"Have you ever been up?" inquired Butler of Frank.
"Never, but I'm determined to get to London if I can, and I don't care how it is."
"All right," said Butler. "We have no time to lose. I'll get out the big biplane." The plane was run out of the hangar, examined closely by the attendants, looked over in a cursory manner by the aviator himself. "Now," he said to Frank, "hop up here alongside of me, to the right. Take hold of that wooden support and put your feet on this wire. Don't look down or you may get dizzy. I'm going about five hundred feet high. Keep your eyes straight ahead and forget you're flying."
"Good-by, old fellow," said the Codfish, half in fun and half in earnest, as Frank climbed to his precarious place alongside the aviator, and then to Butler, "Where do you come down?"
"One can never tell in this business, but I will try to land in Hendon, which is only about three miles from the Club."
"And how long will it take?"
"Somewhere about thirty minutes if the wind aloft is as steady and strong as it seems to be down here."
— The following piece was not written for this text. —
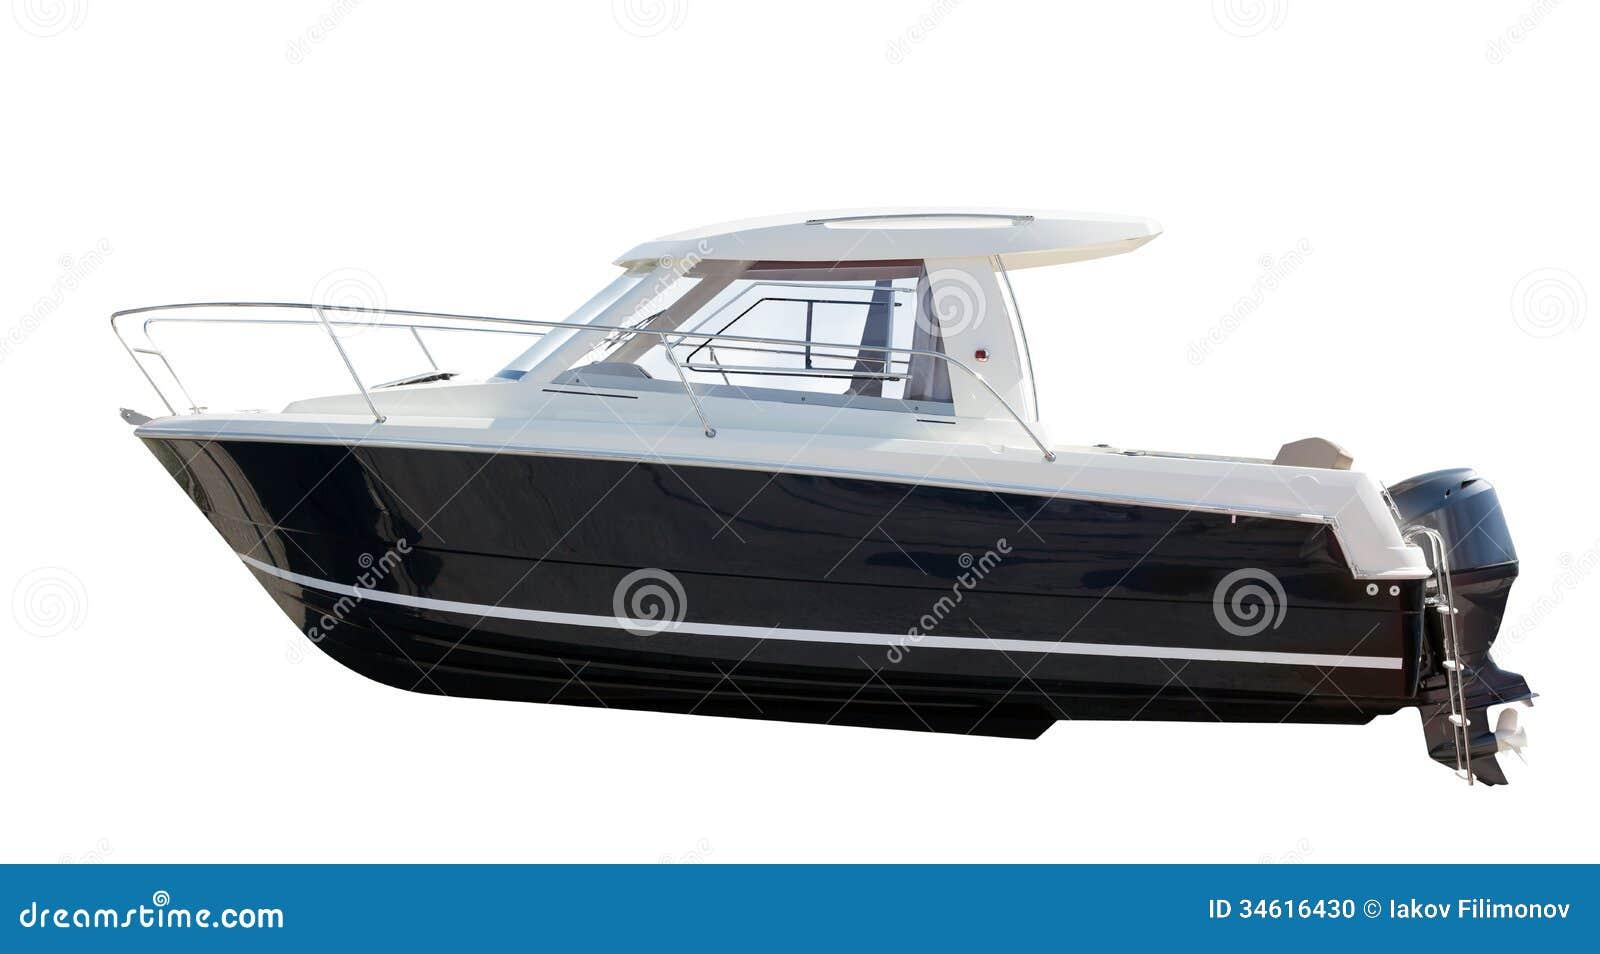 Vista lateral del barco de motor. Aislado sobre blanco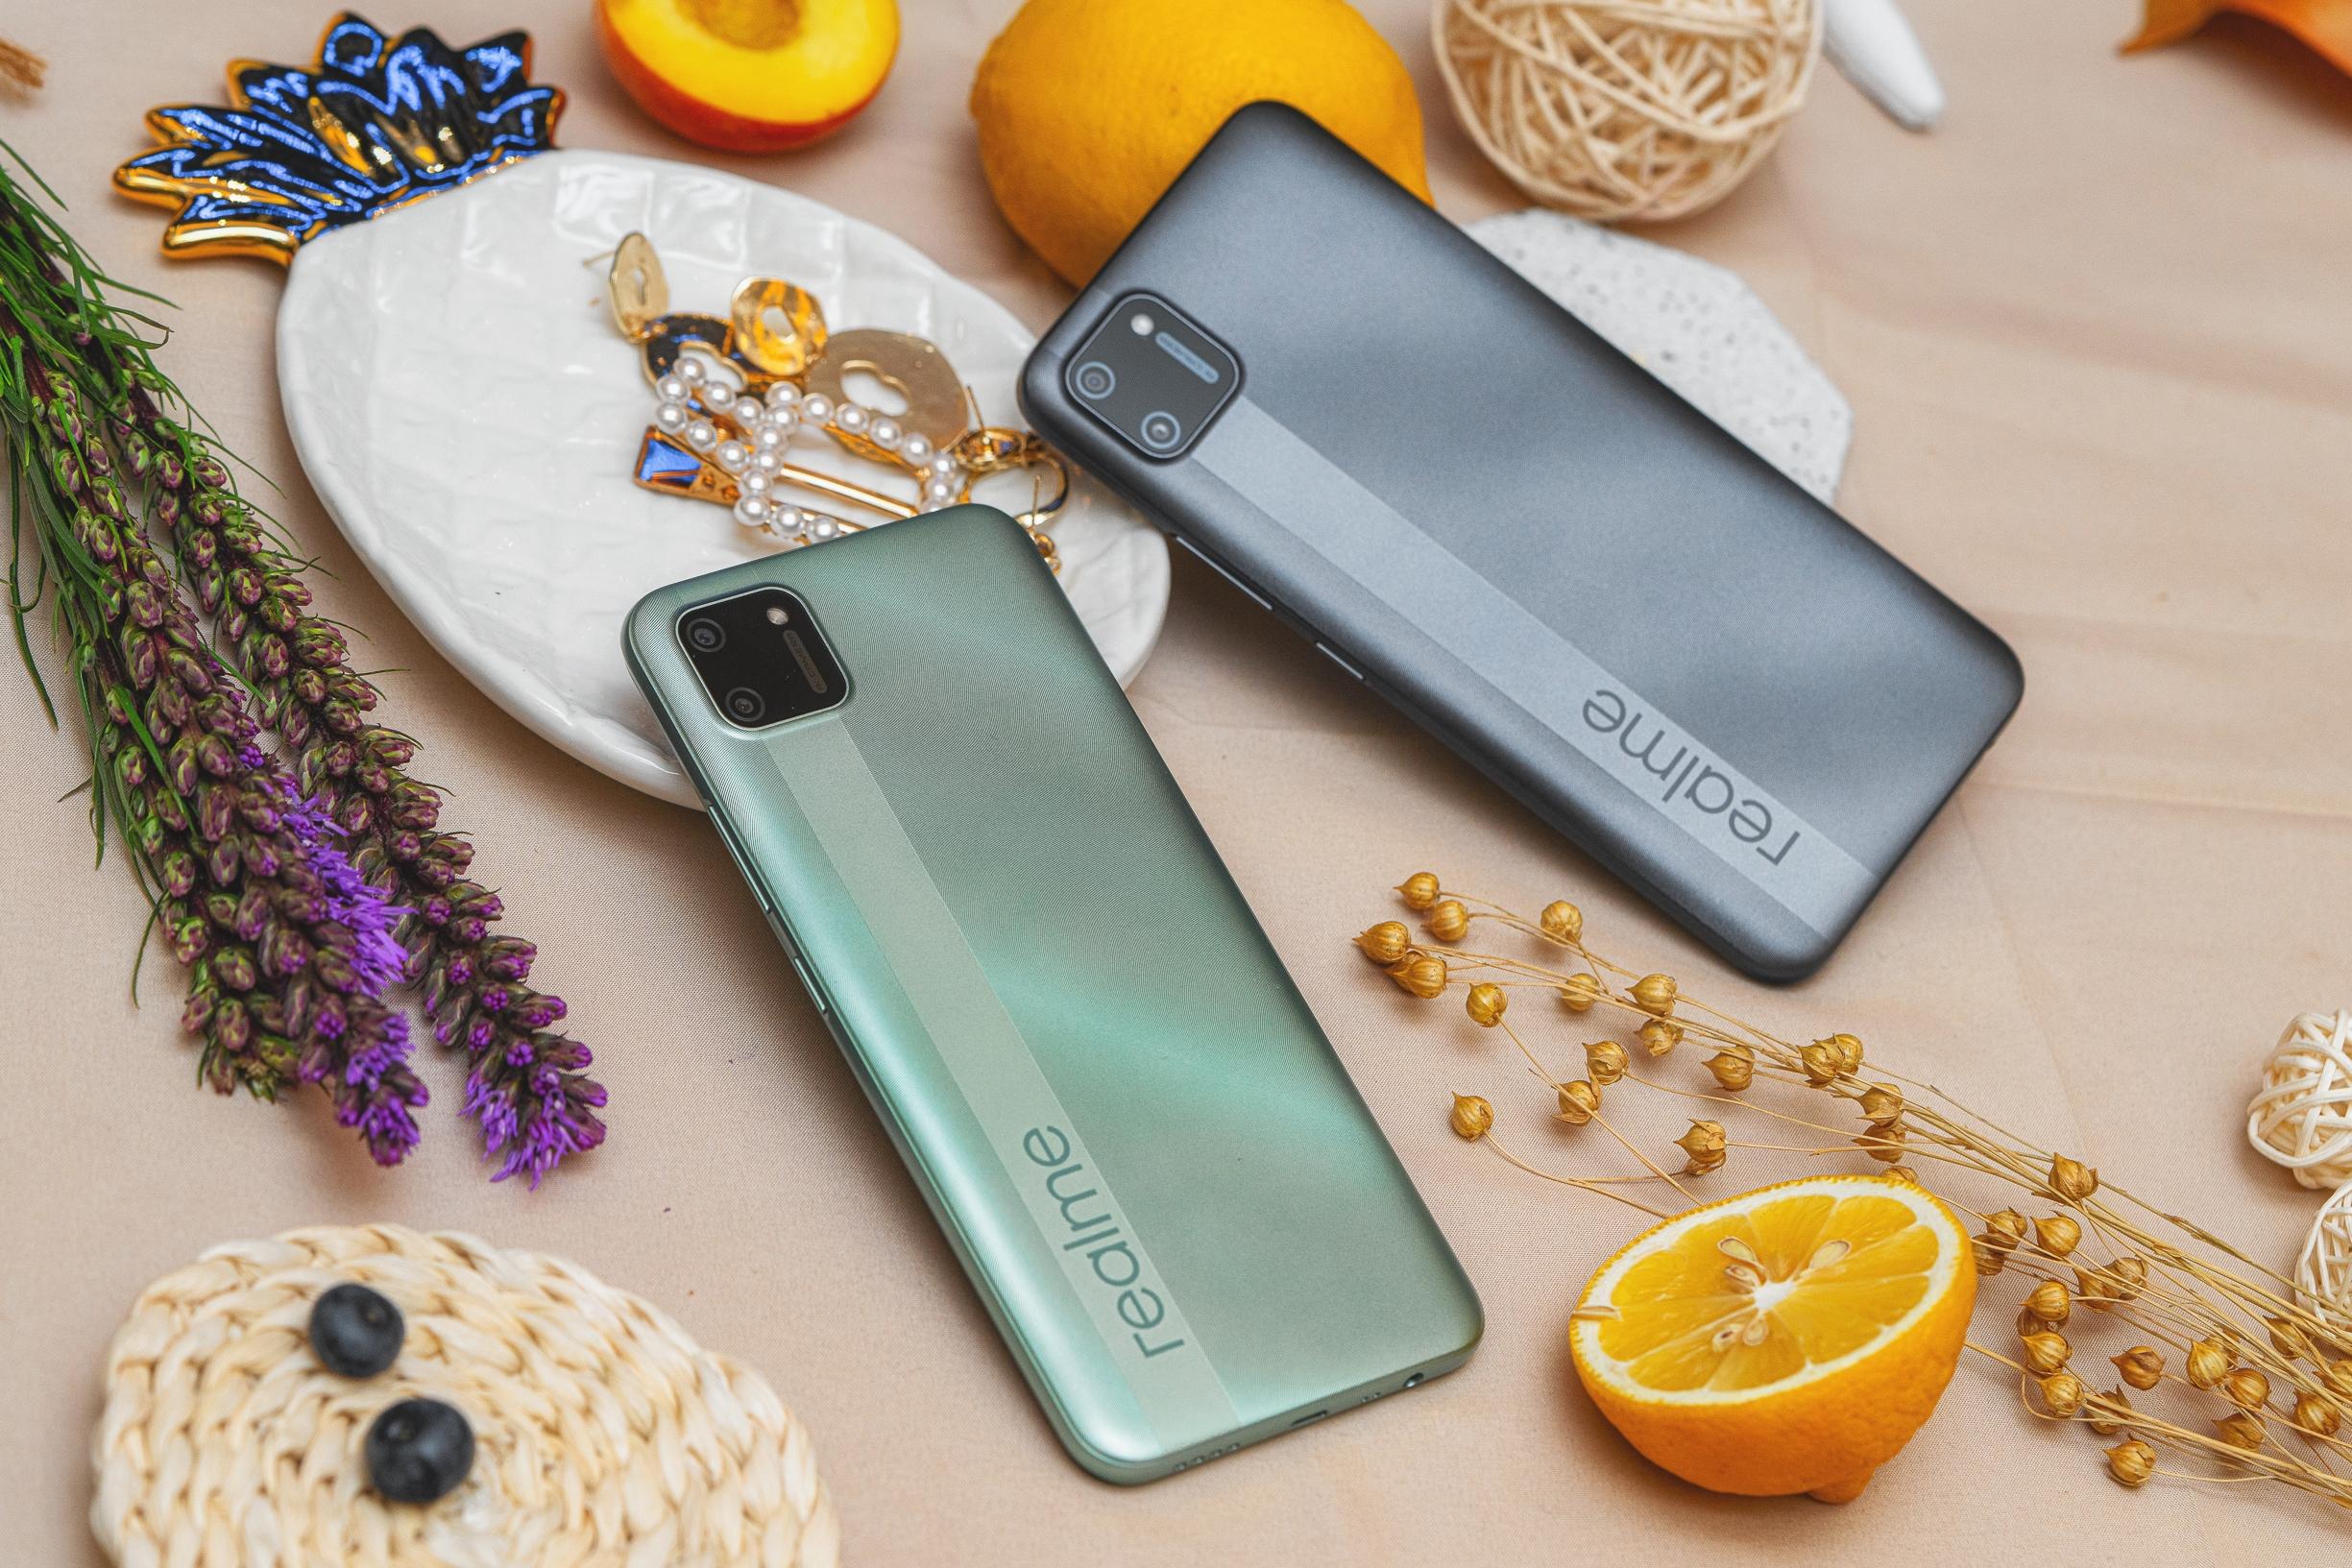 Hàng công nghệ hút hàng ngày mua sắm online 11/11, tín hiệu tốt cho thị trường mùa cuối năm - Ảnh 1.

"Frank, that will get you to Hendon at one-forty-five, and a taxi will do the rest. I'll come as fast as I can in the motor, and if we don't get pinched again I may get to dear old London in time to see the finish."
"All ready," sang out Butler. A half dozen attendants clung fast to the trail of the big biplane while another spun the propeller. The engine immediately sprang into noisy life, the roar of the exhaust drowning out all human speech in the neighborhood. Gleason saw the hands of the aviator drop off the steering-wheel in a downward sweeping signal which meant "let go," a signal instantly obeyed by the attendants, who dropped flat on the ground while the great tail of the birdlike monster swept over their heads with an ever increasing rush. For fifty or sixty feet the running gear of the machine kept on the ground, but, as the velocity increased and Butler elevated his plane, the machine gradually cleared the earth and soared aloft. The Codfish watched it as it rose and followed it in the vastness of the sky vault until there was but a mere dot against the fluffy clouds in the northern sky.